I would be much more confident of suggesting the new 'Loja de Cidadão' in the old market building in the centre of Faro which is am absolutely superb facility with all departments grouped in one place. Good parking and a surprising range of organisations. A quick phone call should verify which place is best.

https://www.portaldocidadao.pt/en/w...umero-de-identificacao-fiscal-pessoa-singular


----------



## AC1234 (Jul 13, 2018)

Thank you MrBife,

Looks like you've saved me a lot of running around.

You're a star.


----------



## MrBife (Jul 26, 2009)

You are very welcome and please let us all know how you get on, in order to help anyone else finding this info in the future


----------



## AC1234 (Jul 13, 2018)

*Faro Finanças Location*

As indicated by MrBife, I found the Faro Finanças office is indeed in the Mercado Municipal on Largo Dr. Francisco Sa Carneiro. However, I also found a few things that could be useful to others looking to obtain an NIF or use other Finanças or SEF services...

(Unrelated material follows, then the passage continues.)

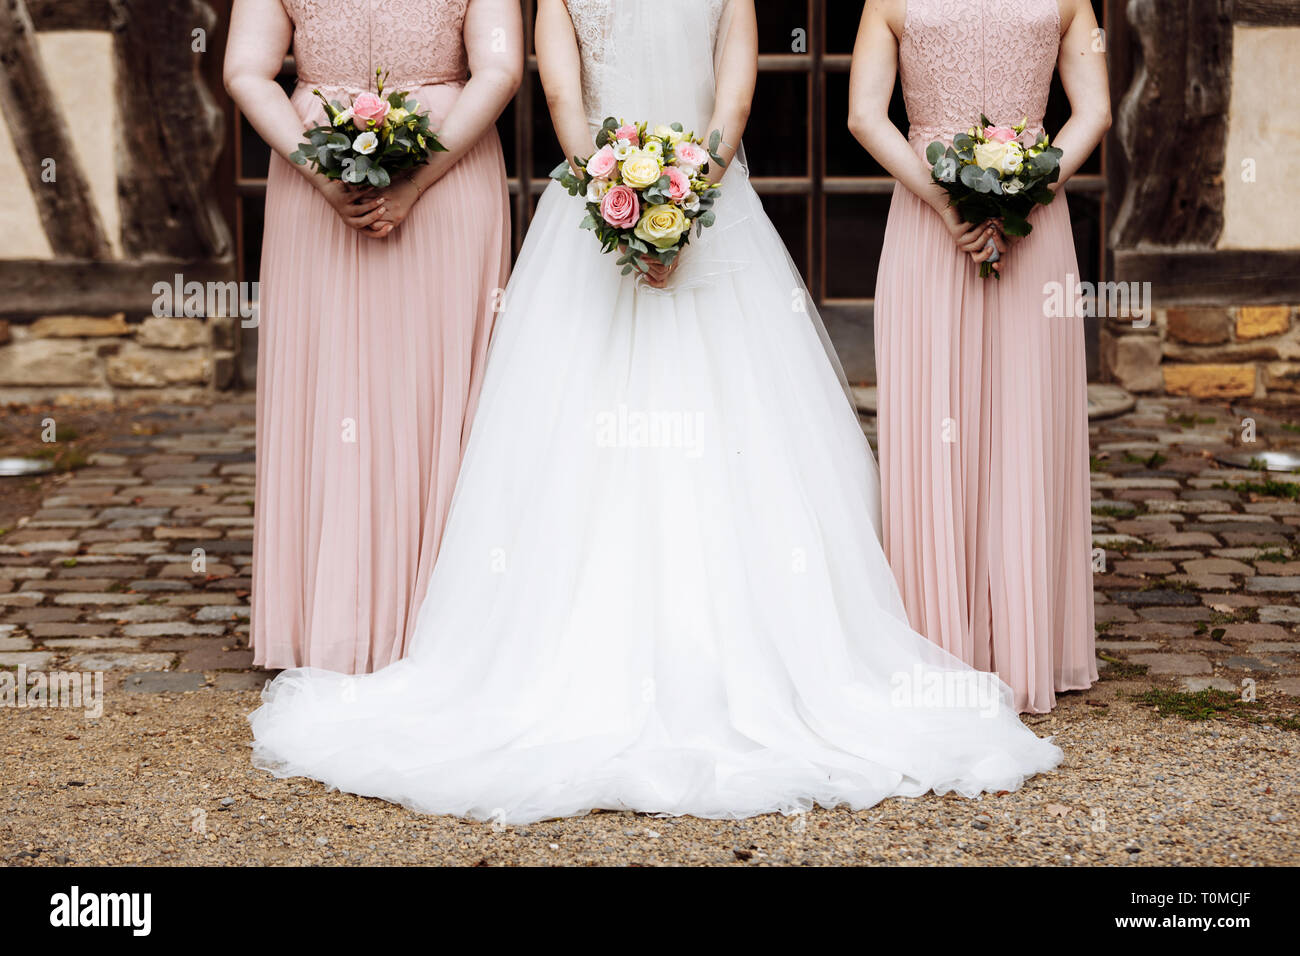 La novia y las damas de honor en un elegante vestido está de pie y sosteniendo la mano ramilletes flores de color rosa pastel y verdes con cinta en la naturaleza.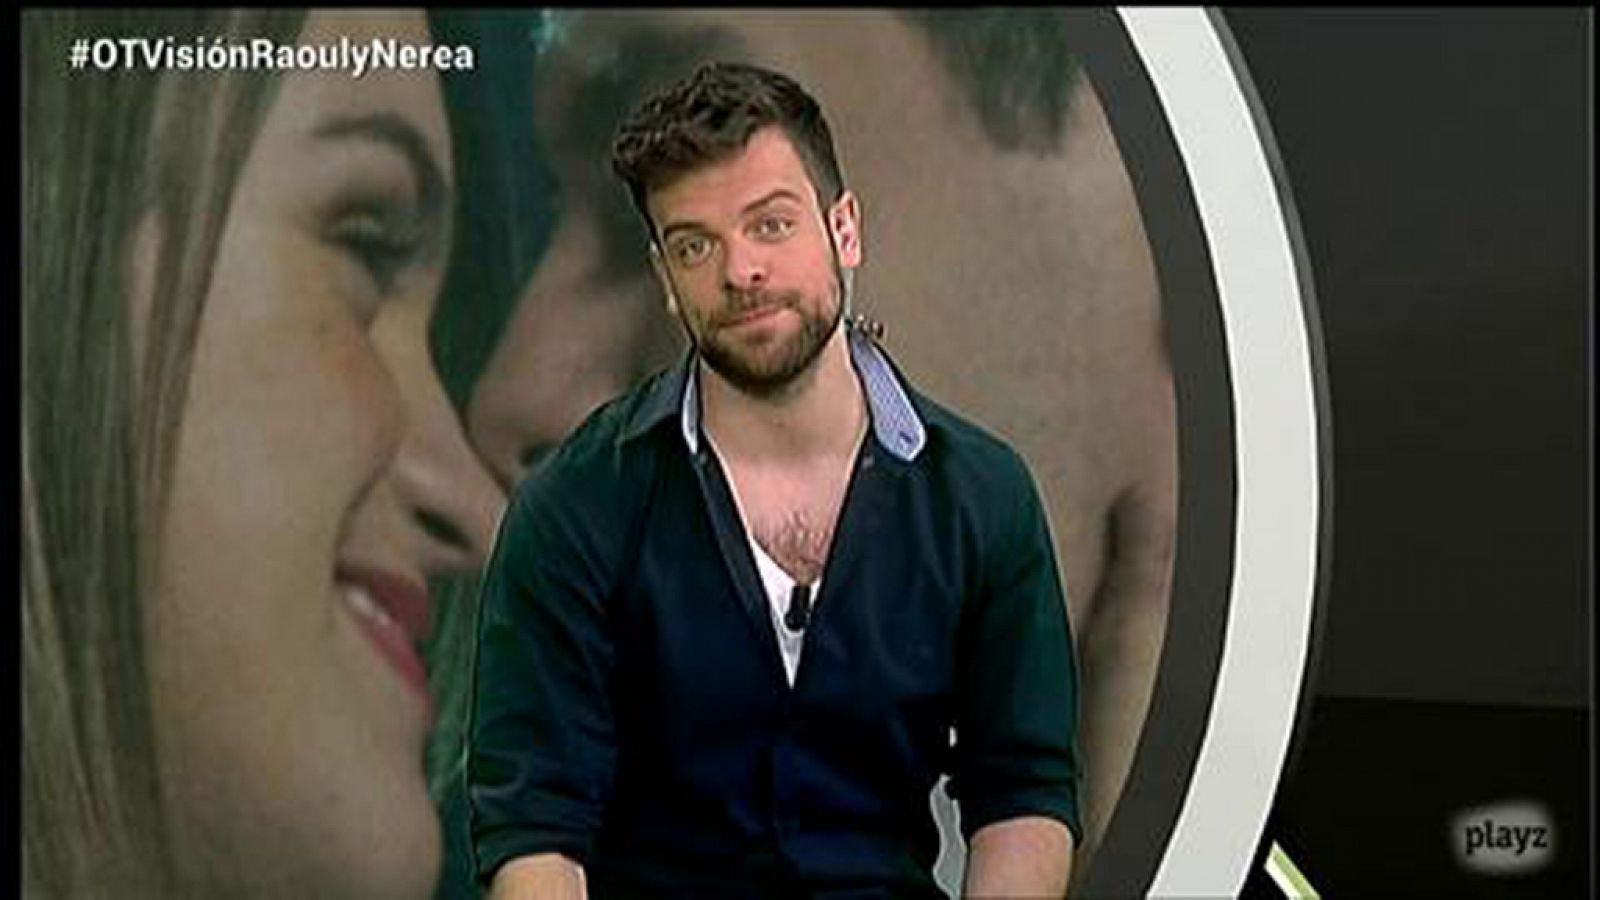 OTVisión - Ricky nos habla sobre las semifinales del Festival de Eurovisión

Firstly, although in the same building (and on the same floor) the Finanças office is separate from the Loja de Cidadão de Faro. If you need services such as SEF then you need to go to the Loja de Cidadão. The easiest way to find it is to enter from the R. Dr. Cândido Guerreiro entrance and head up the escalator/stairs as you go in. These take you to a bridge. 
Turn left and cross the bridge. The entrance to the Loja de Cidadão is in front of you. It opens at 08:30 but the queue was already across the bridge when I got there at 08:20, so I suggest getting in early if you don't want to get stuck in line. As you go into the office, turn left for SEF etc. I was told to turn right for Finanças, which actually took me out of the Loja de Cidadão office again. Hence, there's a simpler way to get directly to Finanças without going through the Loja de Cidadão door (or queue)...

For Finanças, stay on the ground floor as you enter the market building. From the R. Dr. Cândido Guerreiro end, turn right (instead of going up to the bridge) and walk around the side of the market until you get to a lift on your right. Take this lift to Floor 1. As you exit the lift (you exit on the opposite side from where you entered) turn right and the Finanças office is on your right.
Although the Loja de Cidadão office opens at 08:30, Finanças don't open until 09:00. There was only one other person (who obviously knew the shortcut) waiting when I arrived just after 08:30, so the demand seems to be less for Finanças - although it still got busy quite quickly afterwards.

When choosing a ticket option from the queuing machine, you need option E for an NIF. This is labeled Pagamentos.

If you're lucky everything will go swimmingly. When I was there, the link to the National computer for issuing NIFs went down and it took me 4 hours before finally getting the all important number. If you need an NIF for your child, you will need to take a birth certificate to prove they are in fact your child too.

A notable point is the cost. I thought the NIF was free, but Finanças charged me €10.20 for it. Not a high cost, but higher than I was expecting.

Finally, nobody I spoke with in Finanças claimed to speak English. Although I have my doubts over one person, who managed to slip into some very well arranged English sentences, you should expect to meet with a fully Portuguese conversation. Given you're in Portugal, this shouldn't be a surprise. But other posts have talked about how helpful some Finanças officials have been with speaking English, so I feel it is relevant to mention this here.

That's it. Hopefully some of the above will be of use to readers needing to deal with either Finanças or SEF in Faro. 

Good luck.


----------